Она повернулась, ее плечи, шея, лицо медленно качнулись на стебле из ткани.
Цветы колыхнулись.
А мать, не двигаясь с места, плыла в мириадах роз.
Ее платье стало еще пышнее, его белизна засияла еще ярче, оно целиком заслонило маленькую дверь.
Женщина-цветок, белое пятно на сетчатке – вот что видели дети еще долго после того, как их мать перестала стоять перед домом.
На фасаде была черная рана. Рисунок, внезапно заполнивший взгляд моей матери, – дом, превратившийся в корабль, сияющий парус из белой штукатурки, неумелая иллюзия в обрамлении слепой улицы с затворенными окнами. А потом в солнечной пустоте остался лишь корабль – единственная распахнутая дверь.
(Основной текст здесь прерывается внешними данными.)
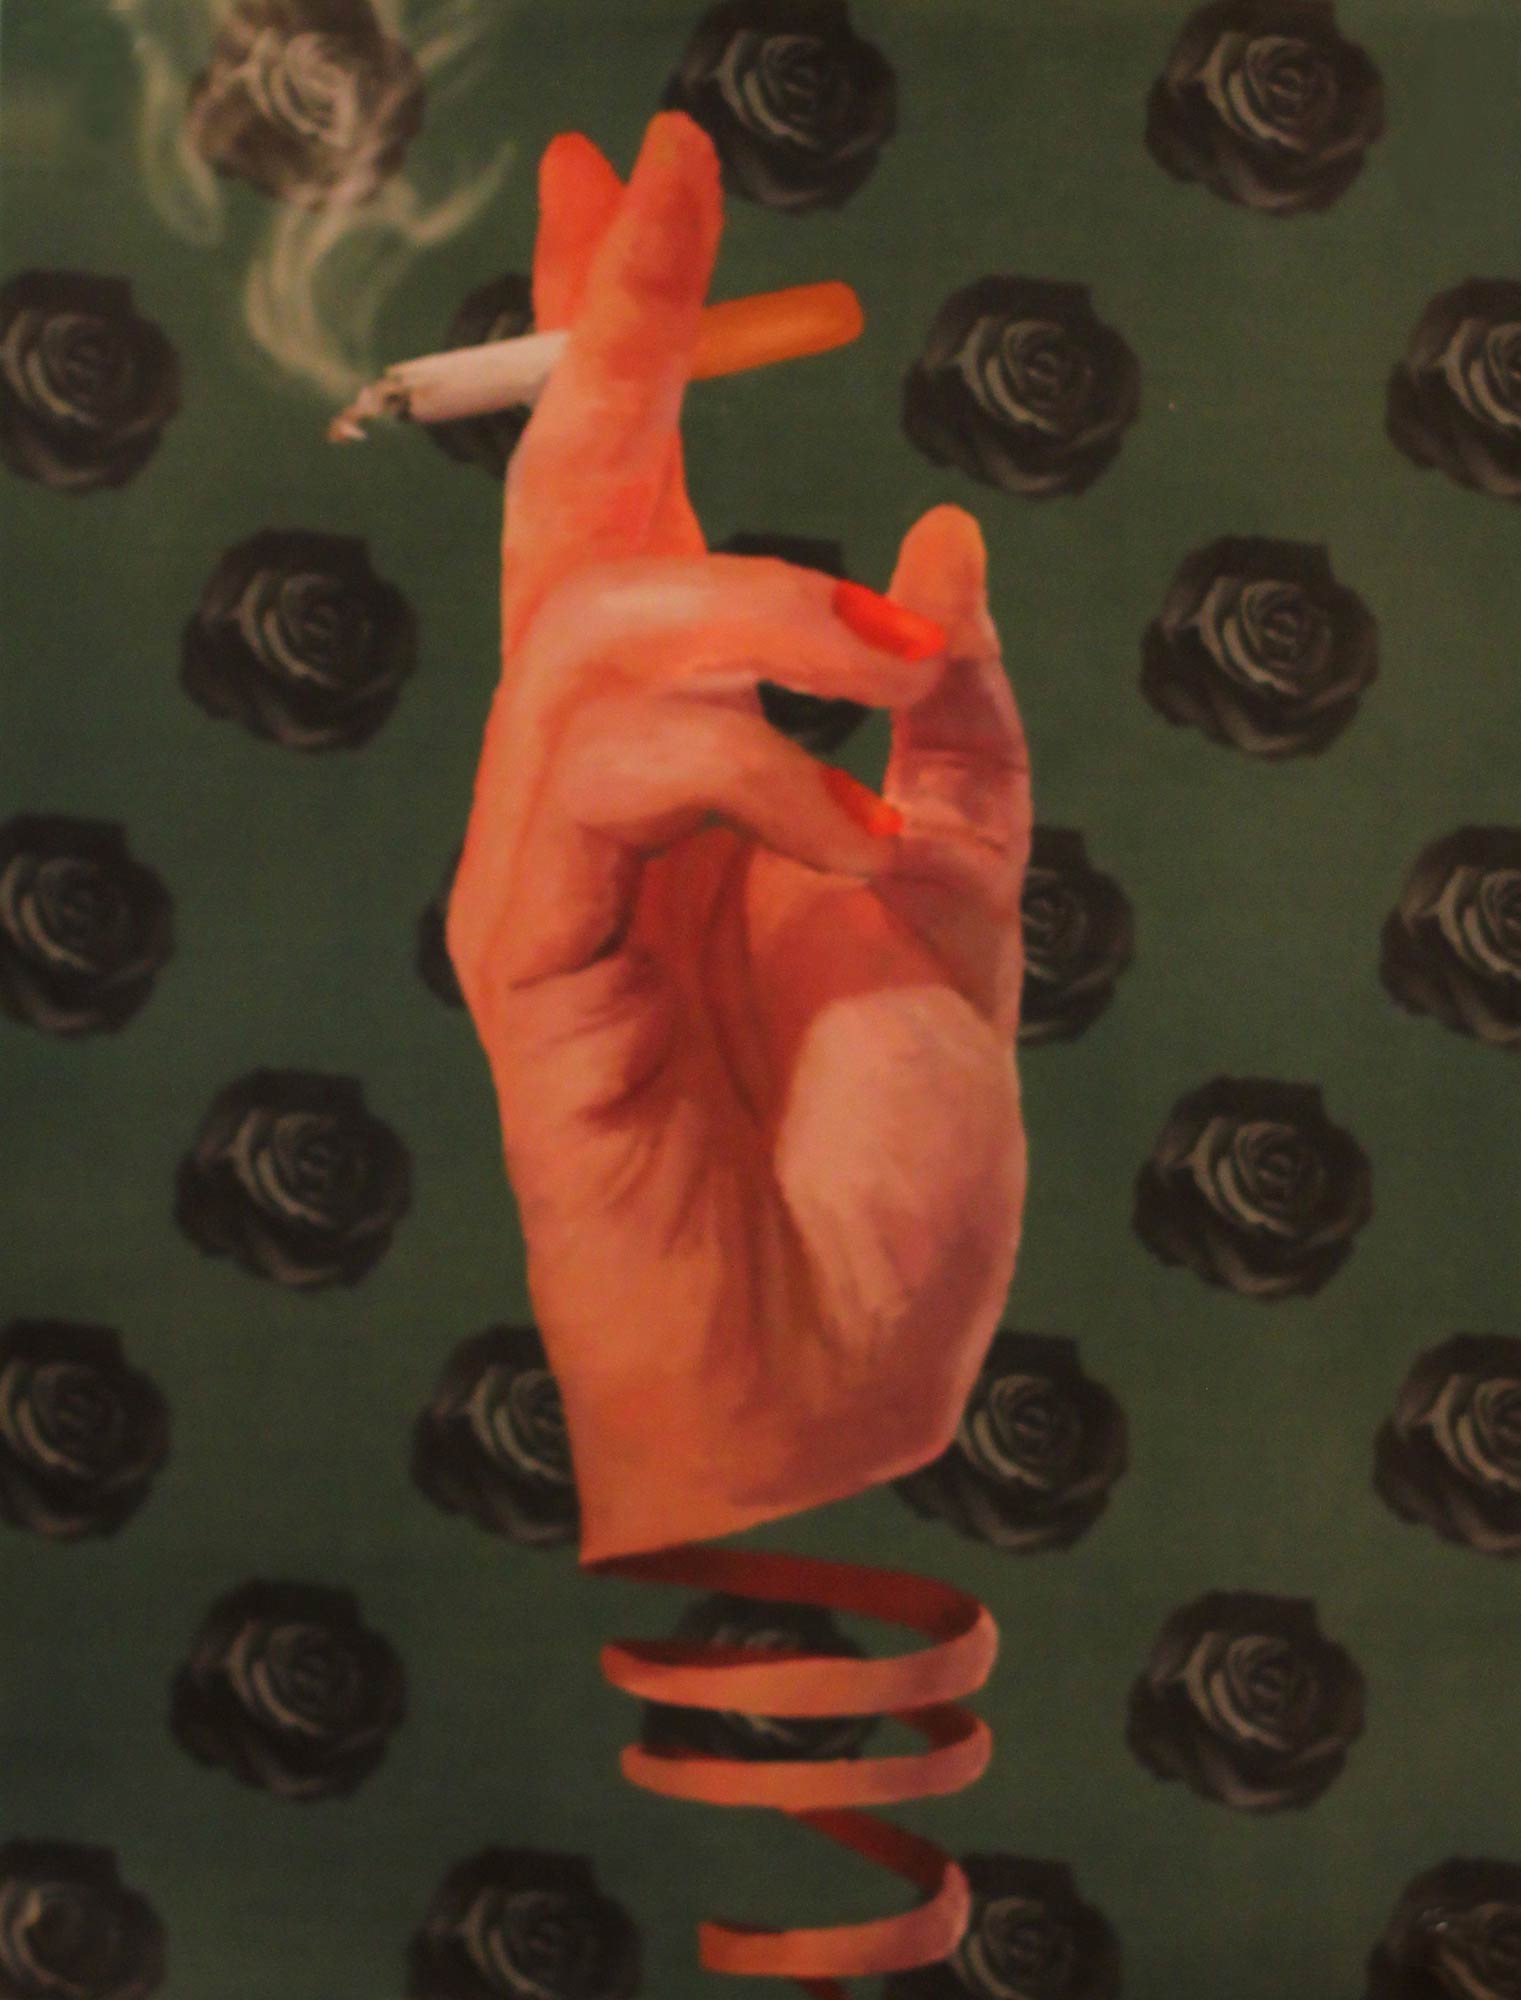 A painting of a hand holding a cigarette

Она увидела, как корабль проступает сквозь стену. Он прибыл за ней, чтобы забрать ее отсюда. Так далеко от моря, так далеко от всех рек он двигался по дорогам, поднимался по высохшим руслам. Он раздвинул пыльный проулок, он летел на всех парусах под устойчивым ветром и сел на мель у ее двери.
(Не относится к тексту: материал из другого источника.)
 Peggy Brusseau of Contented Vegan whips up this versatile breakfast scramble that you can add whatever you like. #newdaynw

Корабль ей под стать, чтобы вместить ее горе и радость, корабль, с которым прекратится этот ужас не принадлежать себе, – корабль для того, чтобы быть собой!
Настал час отплытия.
Все молчание моря выплеснулось на улицы. Столько воды еще прибудет, столько дорог еще надо пройти! И этот рыжий ребенок увлекает ее в свою мечту!
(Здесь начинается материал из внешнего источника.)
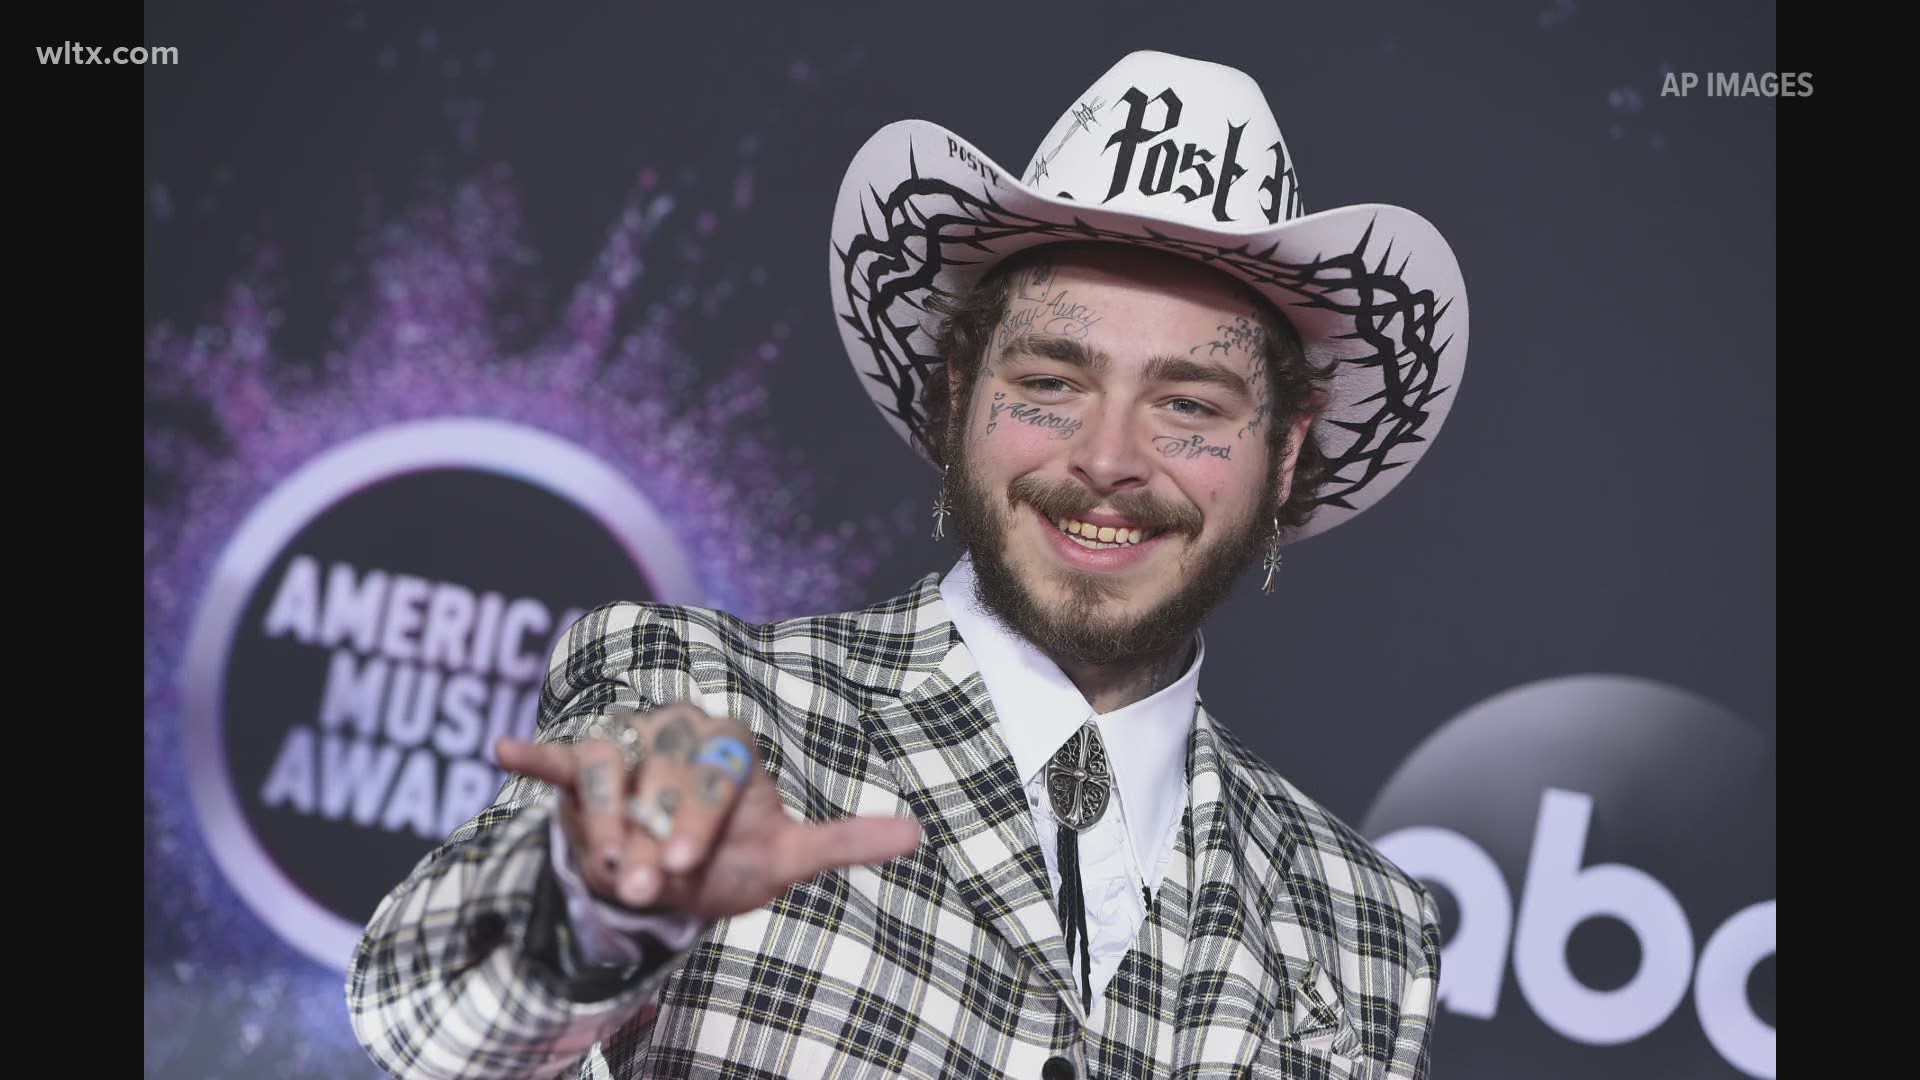 Post Malone has released a cover of Hootie & The Blowfish's iconic song "Only Wanna be with You."

Она не смогла устоять перед желанием поверить в этот выход, в этот нарисованный мир.
Рассказывают, что гонимые инквизицией еврейские семьи однажды погрузились на такой корабль, нарисованный раввином на стене севильской темницы. Они покинули город и Испанию, вышли в море, пересекли его и прибыли в оазис – такой далекий, что никто и никогда не смог их найти.
Ей надо было поверить в этот корабль, взять свою сумку с шитьем и собрать всех детей в ковчеге.
Моя мать долго стояла, не сводя глаз с рисунка, со стены, с великолепной каравеллы, и наконец по стенам пробежала зыбь, парус затрепетал. Поднялся ветер, он наполнил огромное белое полотнище, и моя мать отвела глаза. Она загрузила в тележку детей, одеяла, свечи, два оставшихся у нее отреза ткани, вчерашние лепешки, оливковое масло, яйца, окорок, хлеб – кажется, и стул свой взяла, – бросила последний взгляд на покинутую тень, плясавшую на стенах, и мы ушли.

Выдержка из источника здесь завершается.